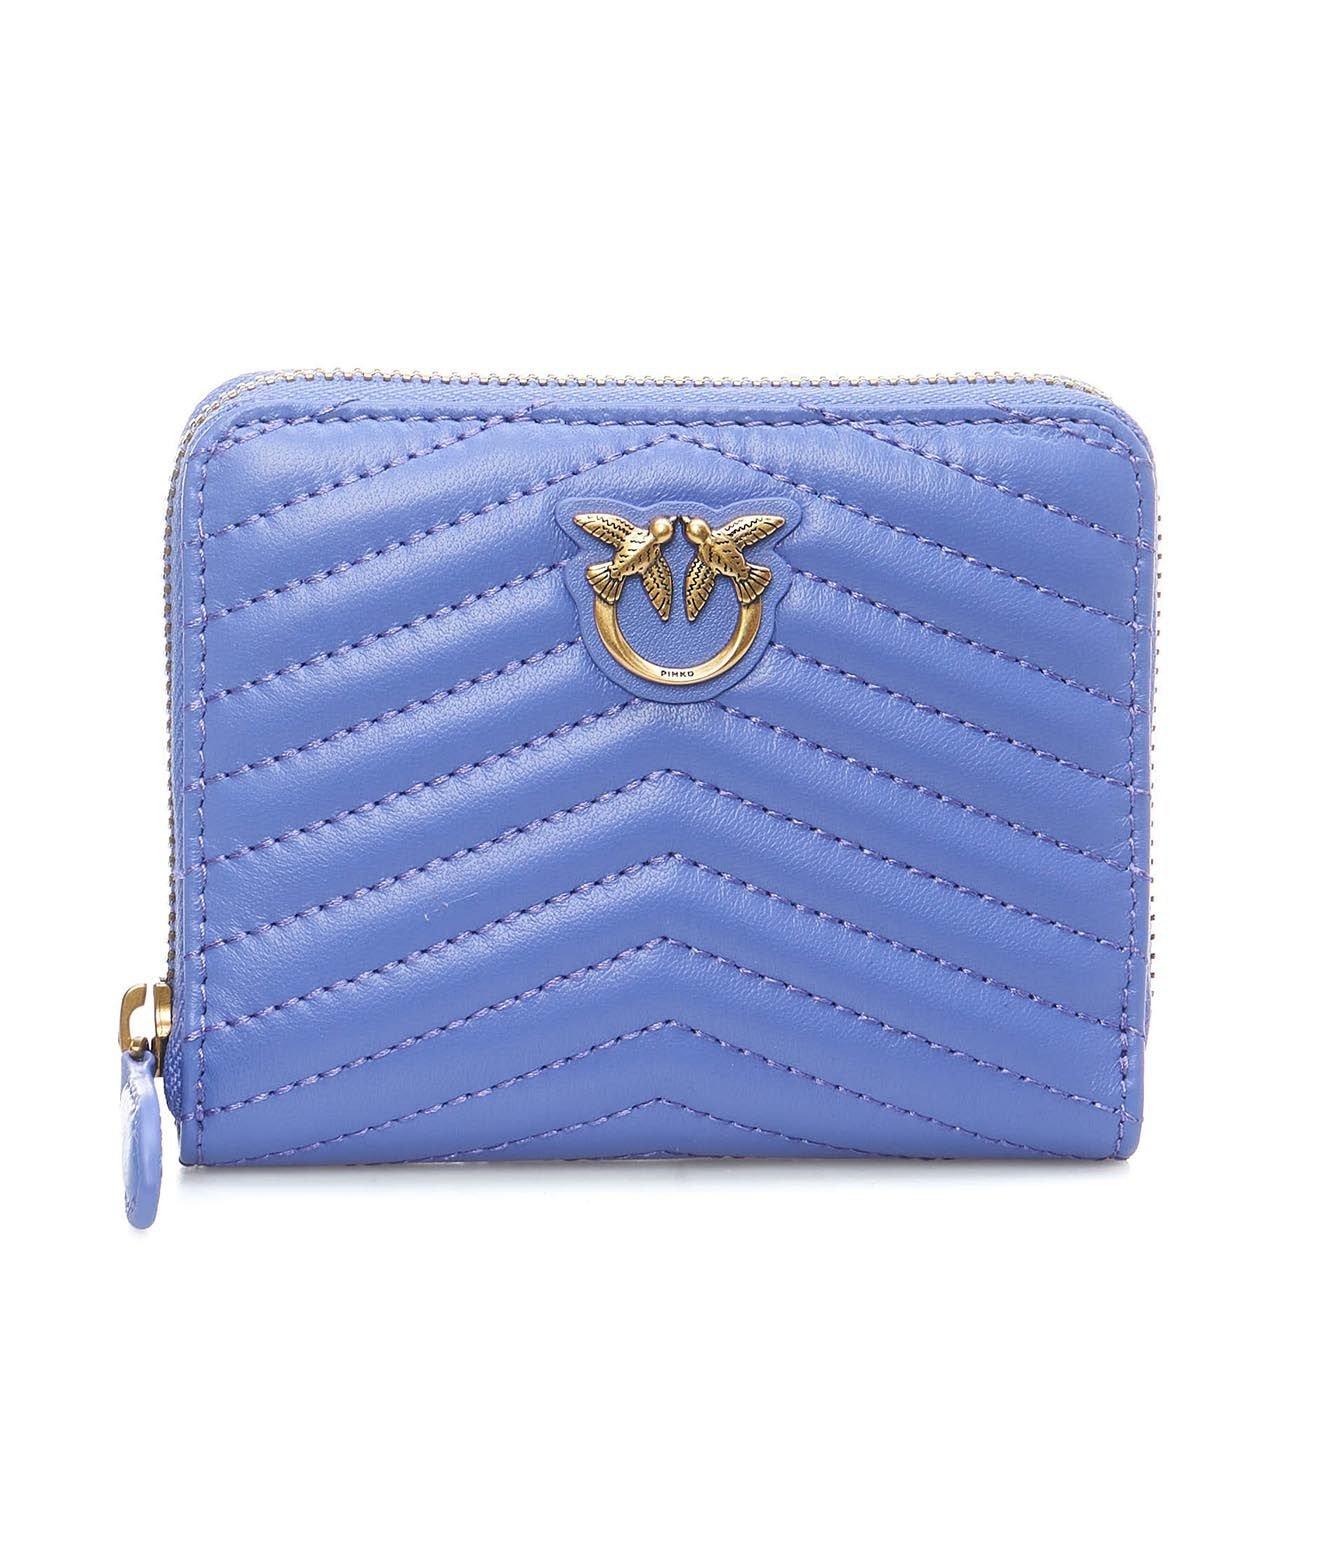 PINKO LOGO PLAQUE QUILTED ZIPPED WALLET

========================

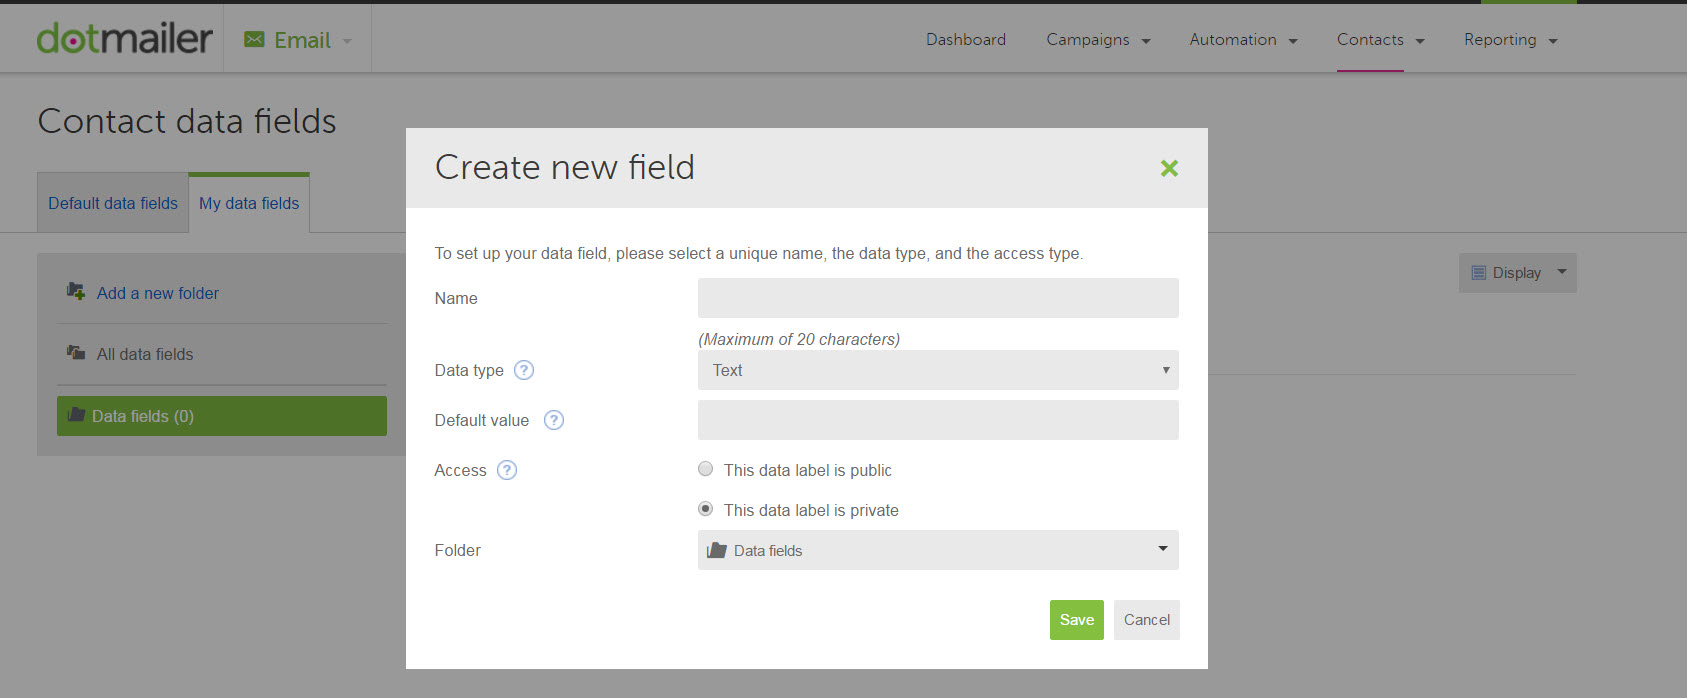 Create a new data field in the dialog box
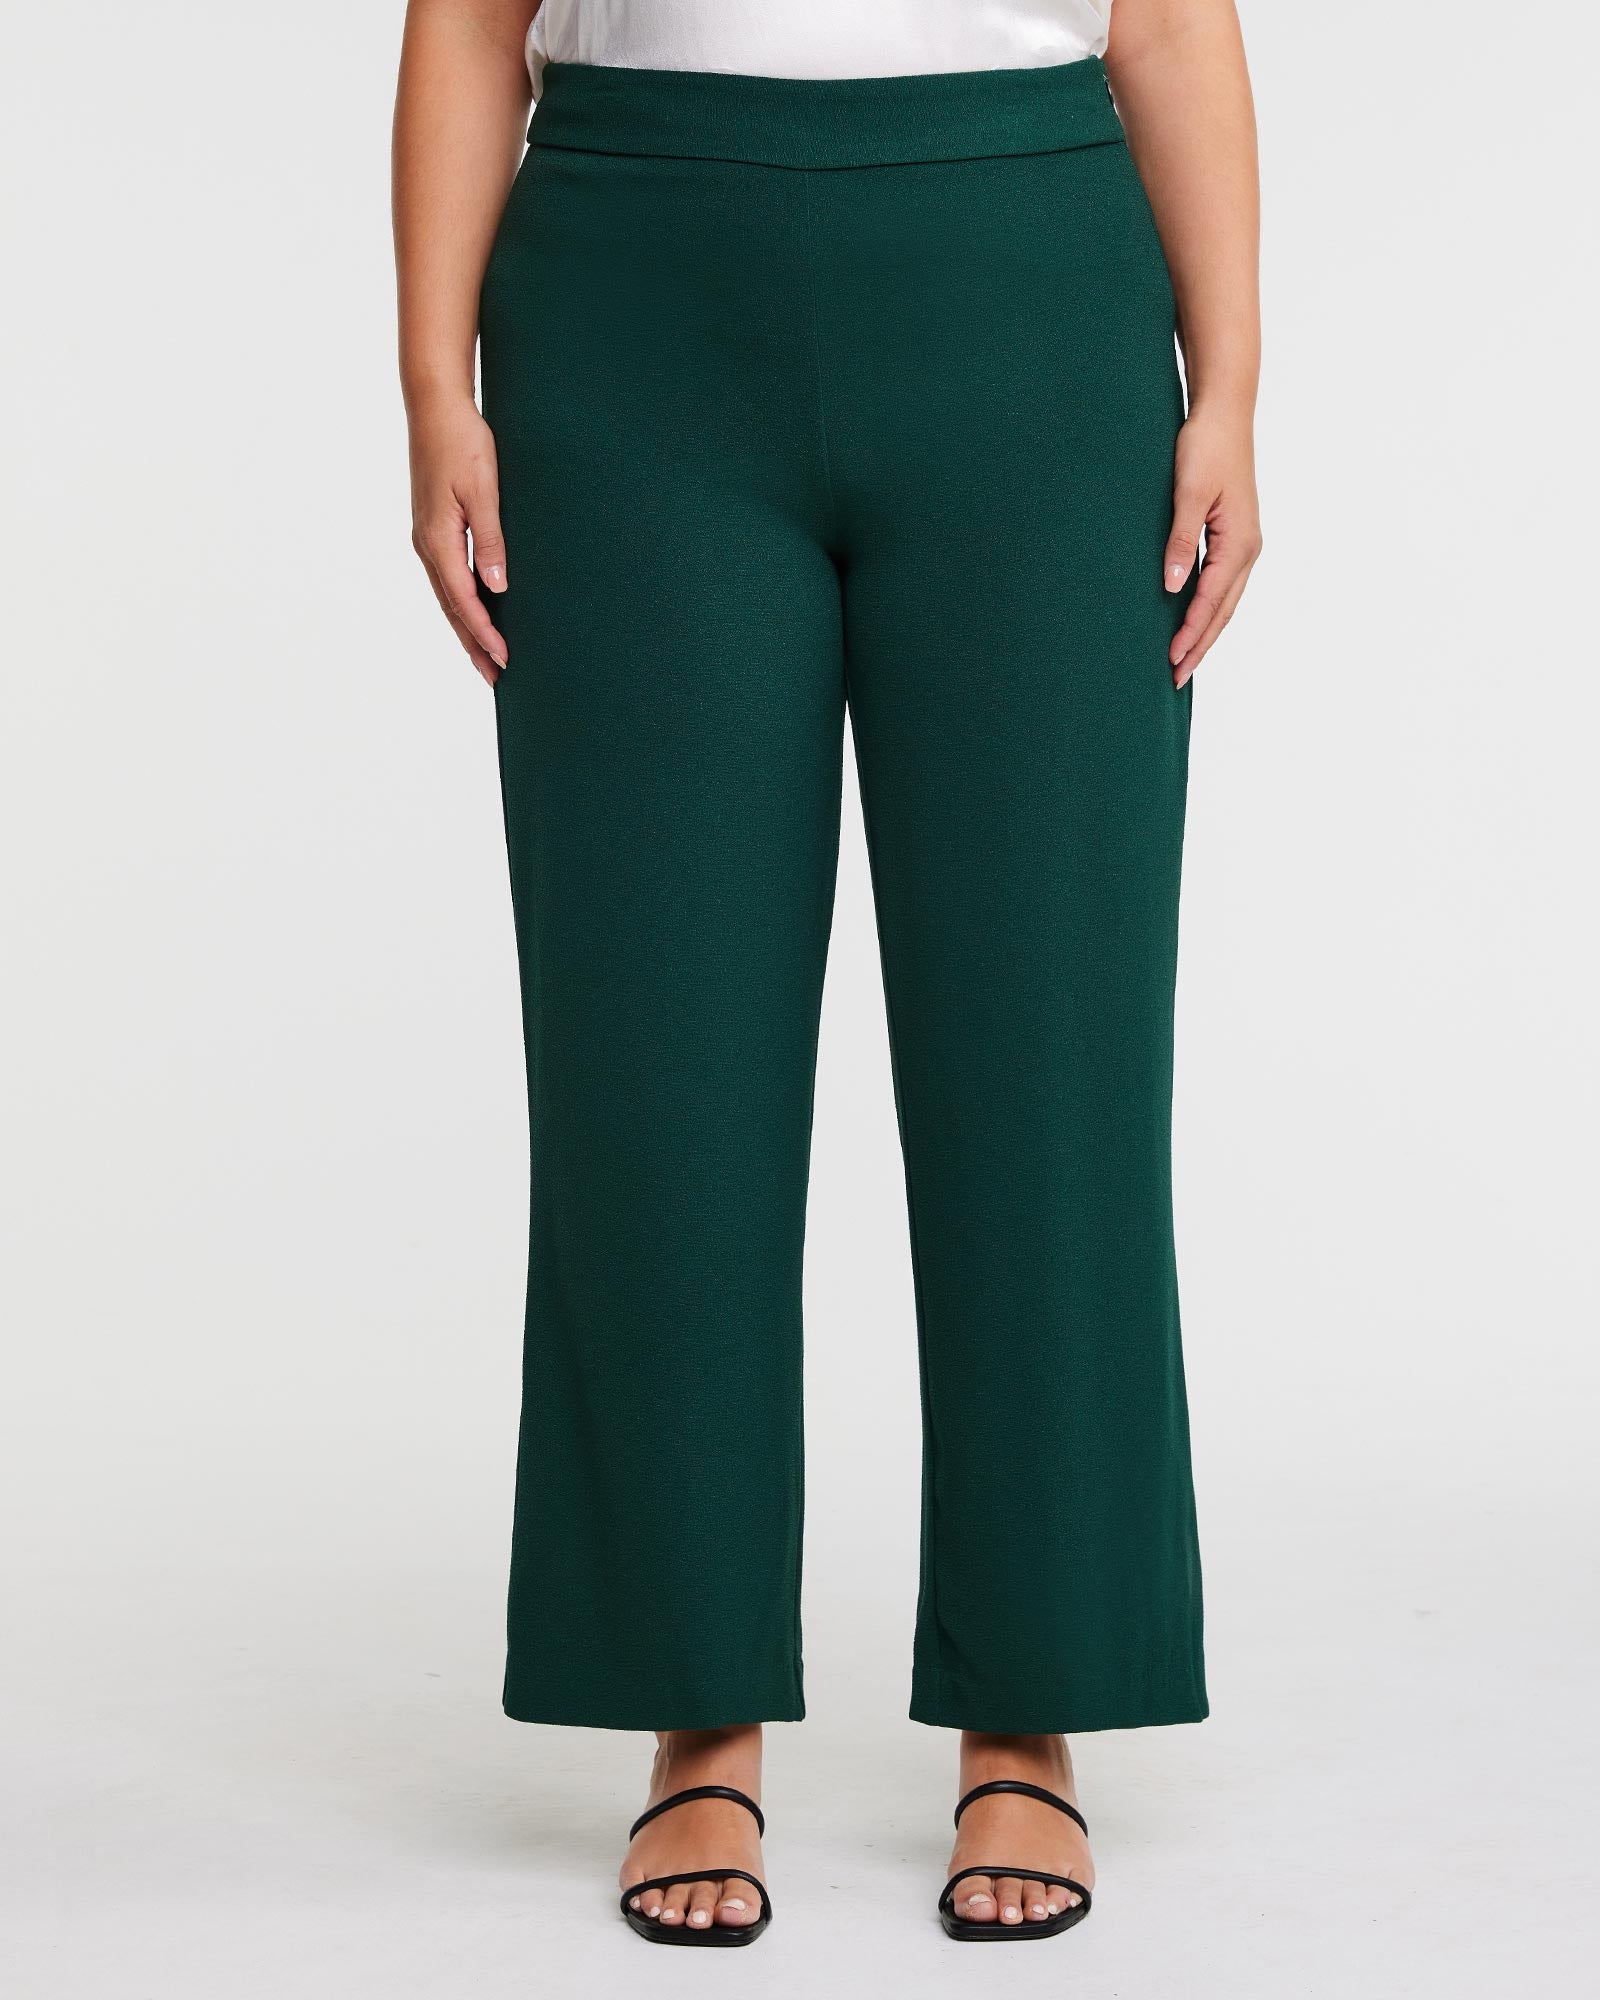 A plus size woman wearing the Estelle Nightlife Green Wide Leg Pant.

========================

**EXERCISE**
Although the records above contain pictures, the copy must not; set down exactly the lines from the one with "Create a new data field in the dialog box" up to and including the one with "A plus size".

**RESULT BELOW**
 Create a new data field in the dialog box
 A plus size woman wearing the Estelle Nightlife Green Wide Leg Pant.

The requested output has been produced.